Loops in R can be fun. know...don't screw it up.

Figure 17.1: Loops in R can be fun. Just…you know…don’t screw it up.

One of the golden rules of programming is D.R.Y. ``Don’t repeat yourself." Why? Not because you can’t, but because it’s almost certainly a waste of time. You see, while computers are still much, much worse than humans at some tasks (like recognizing faces), they are much, much better than humans at doing a few key things - like doing the same thing over…and over…and over. To tell R to do something over and over, we use a loop. Loops are absolutely critical in conducting many analyses because they allow you to write code once but evaluate it tens, hundreds, thousands, or millions of times without ever repeating yourself.
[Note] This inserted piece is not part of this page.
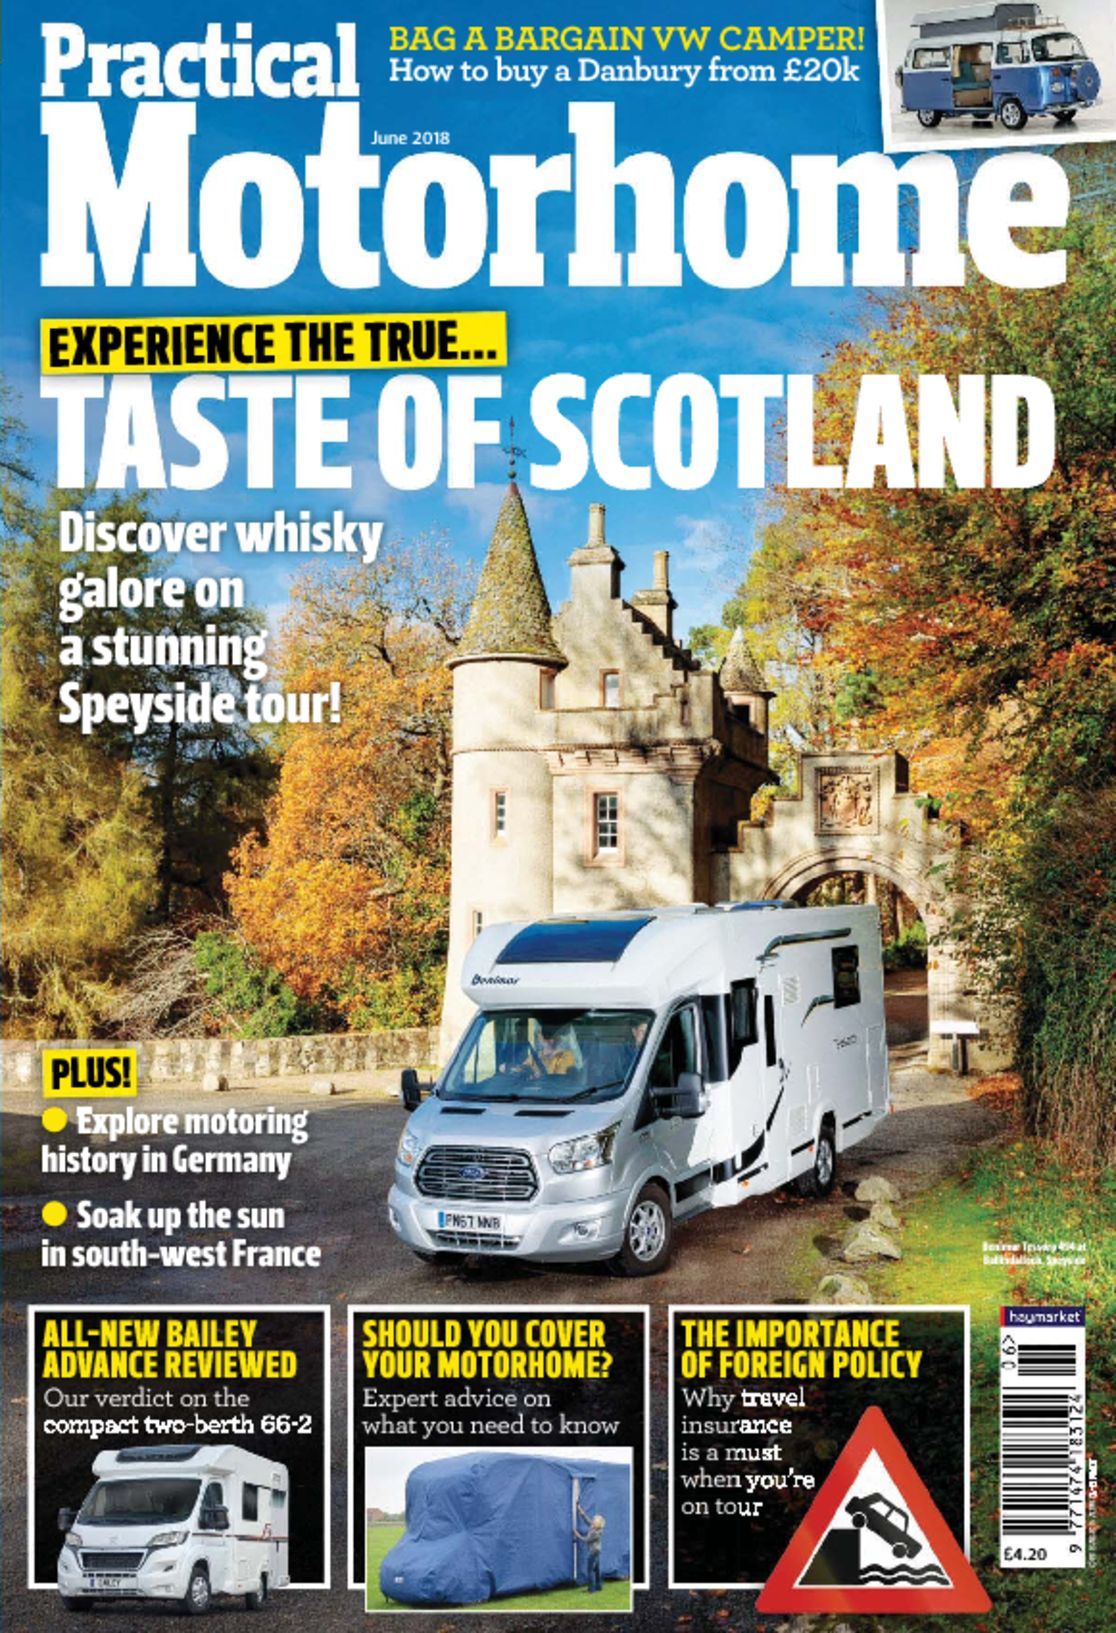 Motorhome Magazine Issues 2011 and 2012 for RV Travel

For example, imagine that you conduct a survey of 50 people containing 100 yes/no questions. Question 1 might be “Do you ever pick your nose?” and Question 2 might be “No seriously, do you ever pick your nose?!” When you finish the survey, you could store the data as a dataframe with 50 rows (one row for each person surveyed), and 100 columns representing all 100 questions. Now, because every question should have a yes or no answer, the only values in the dataframe should be “yes” or “no” Unfortunately, as is the case with all real world data collection, you will likely get some invalid responses – like “Maybe” or “What be yee phone number?!’’. For this reason, you’d like to go through all the data, and recode any invalid response as NA (aka, missing). To do this sequentially, you’d have to write the following 100 lines of code…

# SLOW way to convert any values that aren't equal to "Y", or "N" to NA
survey.df$q.1[($q1 %in% c("Y", "N")) == FALSE] <- NA
survey.df$q.2[($q2 %in% c("Y", "N")) == FALSE] <- NA
# . ... Wait...I have to type this 98 more times?!
# .
# . ... My god this is boring...
# .
survey.df$q.100[($q100 %in% c("Y", "N")) == FALSE] <- NA

Pretty brutal right? Imagine if you have a huge dataset with 1,000 columns, now you’re really doing a lot of typing. Thankfully, with a loop you can take care of this in no time. Check out this following code chunk which uses a loop to convert the data for all 100 columns in our survey dataframe.

# FAST way to convert values that aren't "Y", or "N" to NA

for(i in 1:100) { # Loop over all 100 columns

temp <- survey.df[, i]  # Get data for ith column and save in a new temporary object temp

temp[(temp %in% c("Y", "N")) == FALSE] <- NA # Convert invalid values in temp to NA

survey.df[, i] <- temp # Assign temp back to survey.df!

} # Close loop!

Done. All 100 columns. Take a look at the code and see if you can understand the general idea. But if not, no worries. By the end of this chapter, you’ll know all the basics of how to construct loops like this one.